Everything in the listing below from the line containing "Square Bi- Fold" through the line containing "Camera Full FrameEF-NEX" must be repeated exactly; the remaining lines are not wanted.

● ENTRIES SHOWN
▼
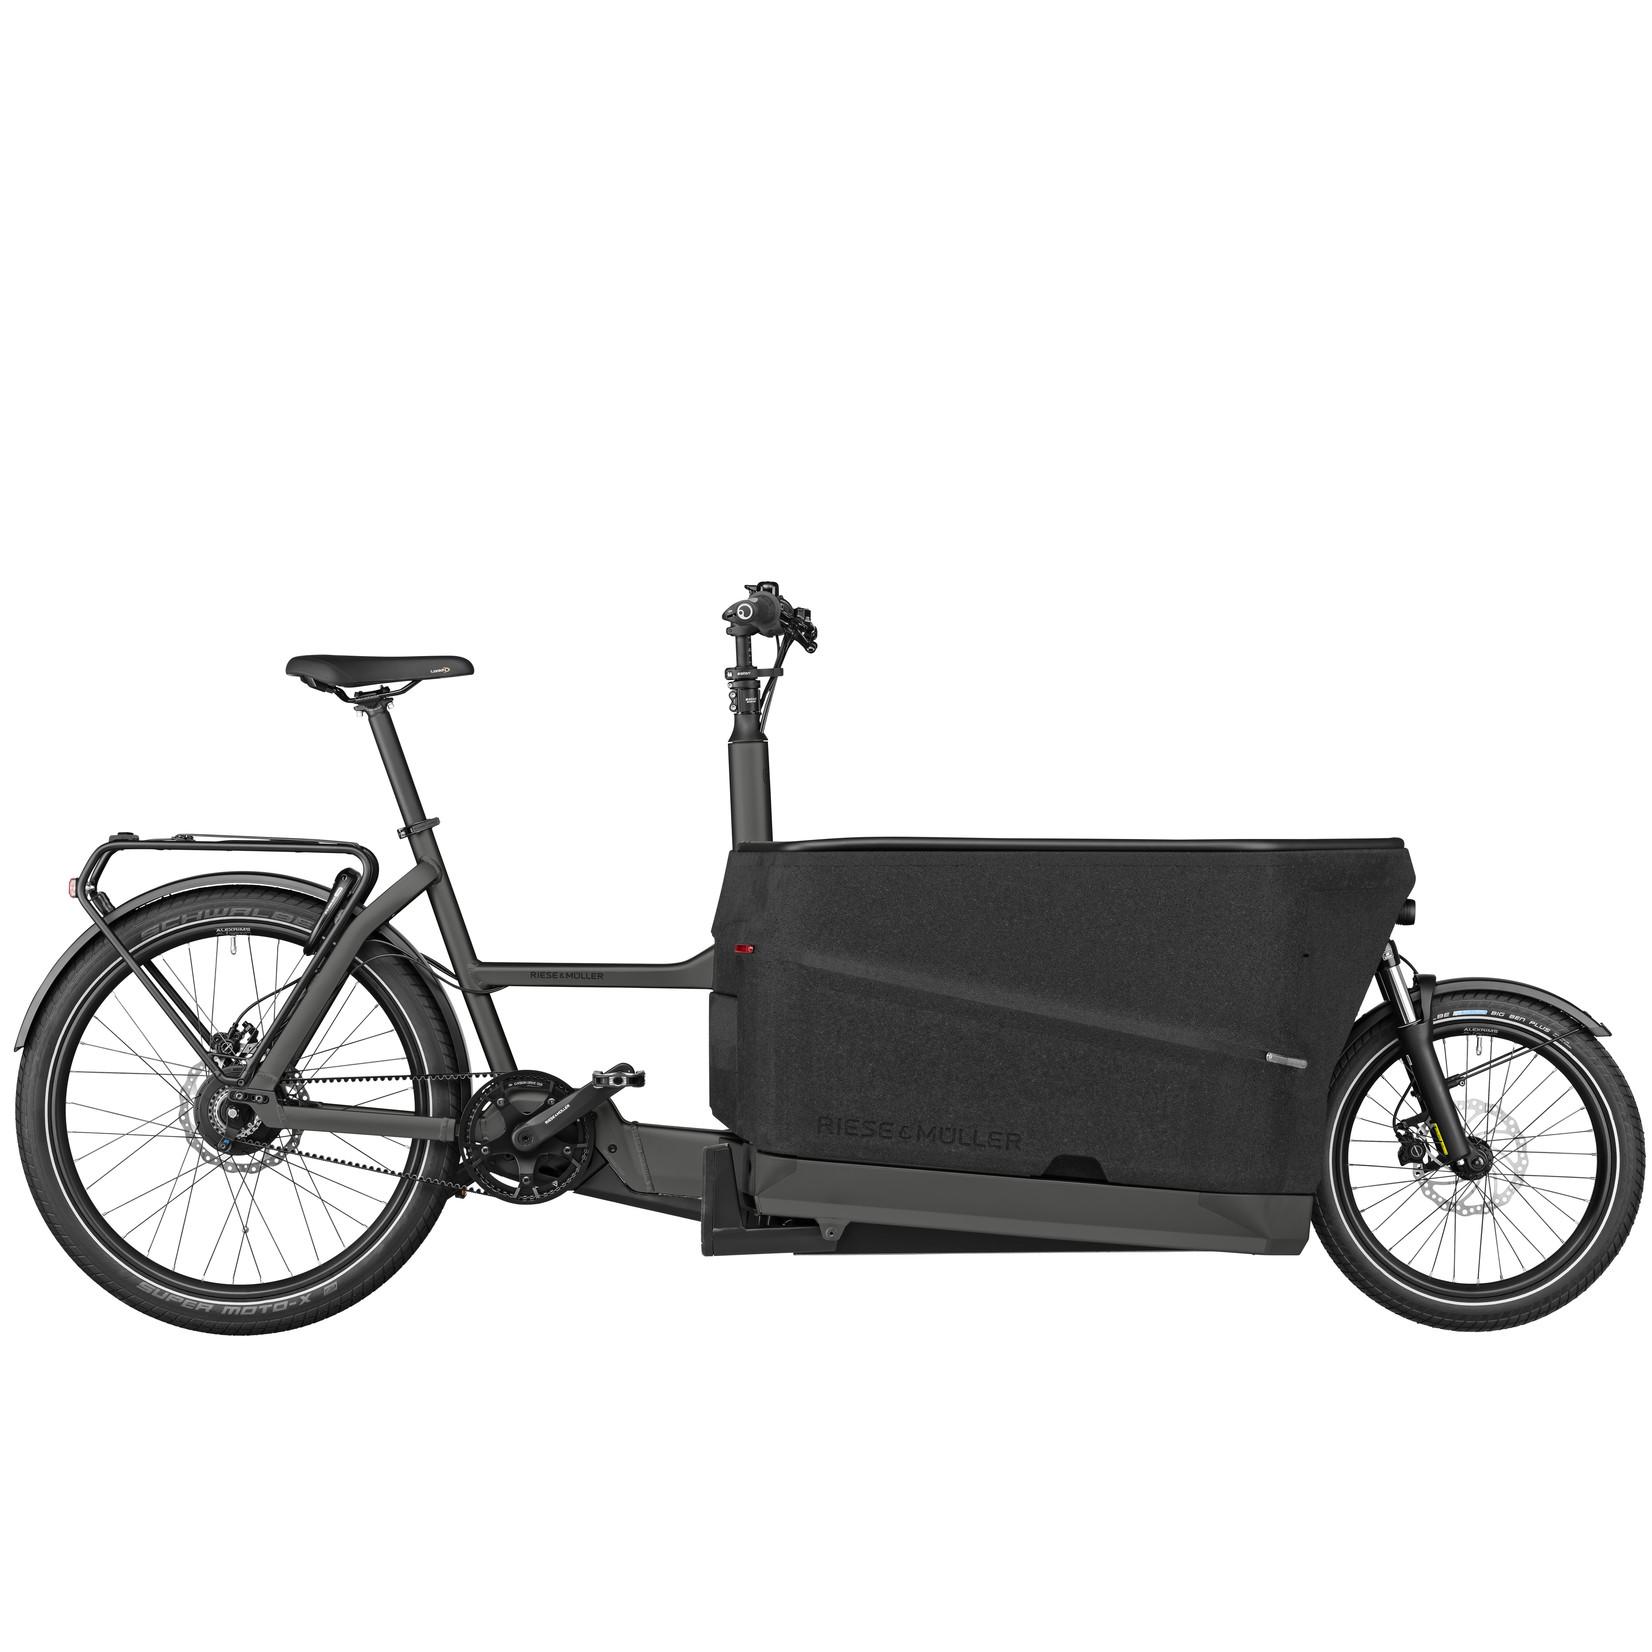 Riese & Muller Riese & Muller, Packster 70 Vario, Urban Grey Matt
▲
▼
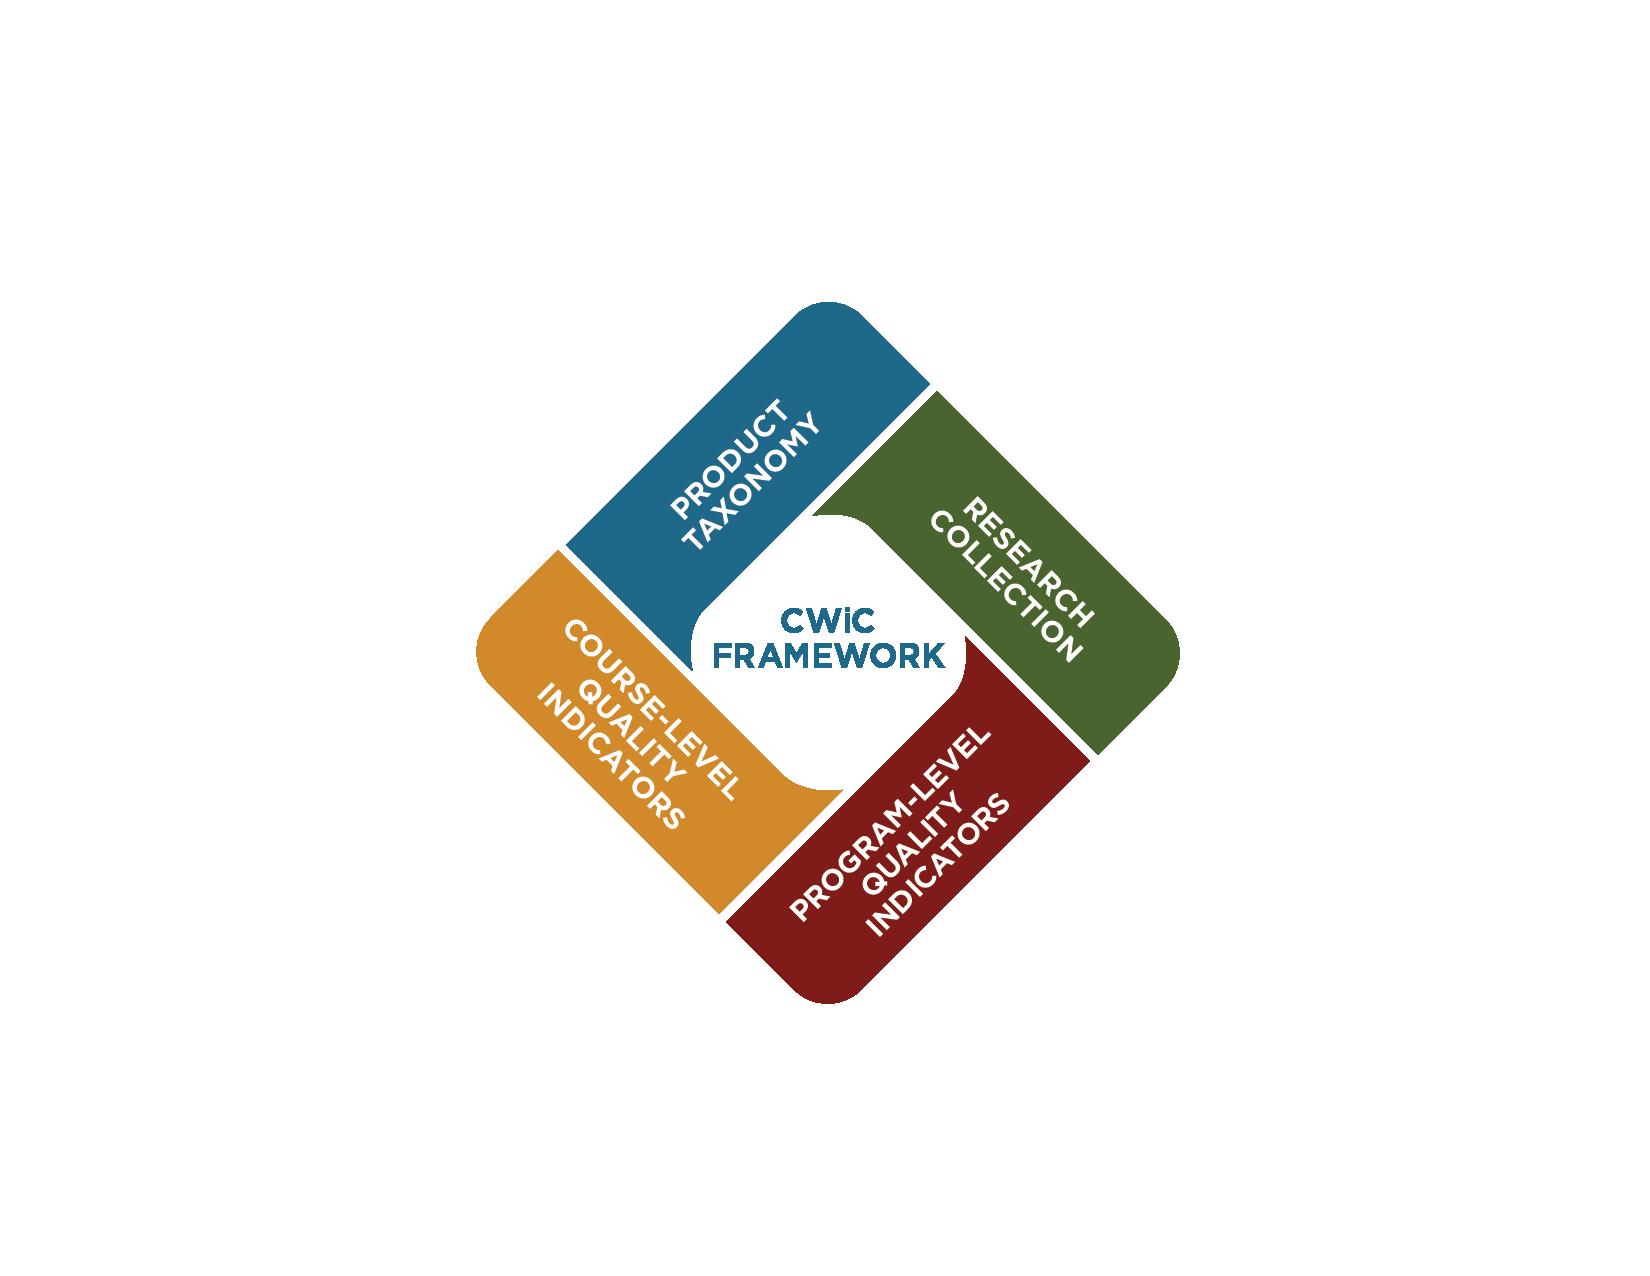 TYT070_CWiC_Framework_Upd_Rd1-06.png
▲
▼
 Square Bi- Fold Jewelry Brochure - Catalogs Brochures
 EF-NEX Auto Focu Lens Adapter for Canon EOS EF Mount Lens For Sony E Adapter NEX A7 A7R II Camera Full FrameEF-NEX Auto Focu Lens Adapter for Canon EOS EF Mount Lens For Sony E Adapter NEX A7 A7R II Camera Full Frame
▲
● SOLUTION FOR THIS EXERCISE
 Square Bi- Fold Jewelry Brochure - Catalogs Brochures
 EF-NEX Auto Focu Lens Adapter for Canon EOS EF Mount Lens For Sony E Adapter NEX A7 A7R II Camera Full FrameEF-NEX Auto Focu Lens Adapter for Canon EOS EF Mount Lens For Sony E Adapter NEX A7 A7R II Camera Full Frame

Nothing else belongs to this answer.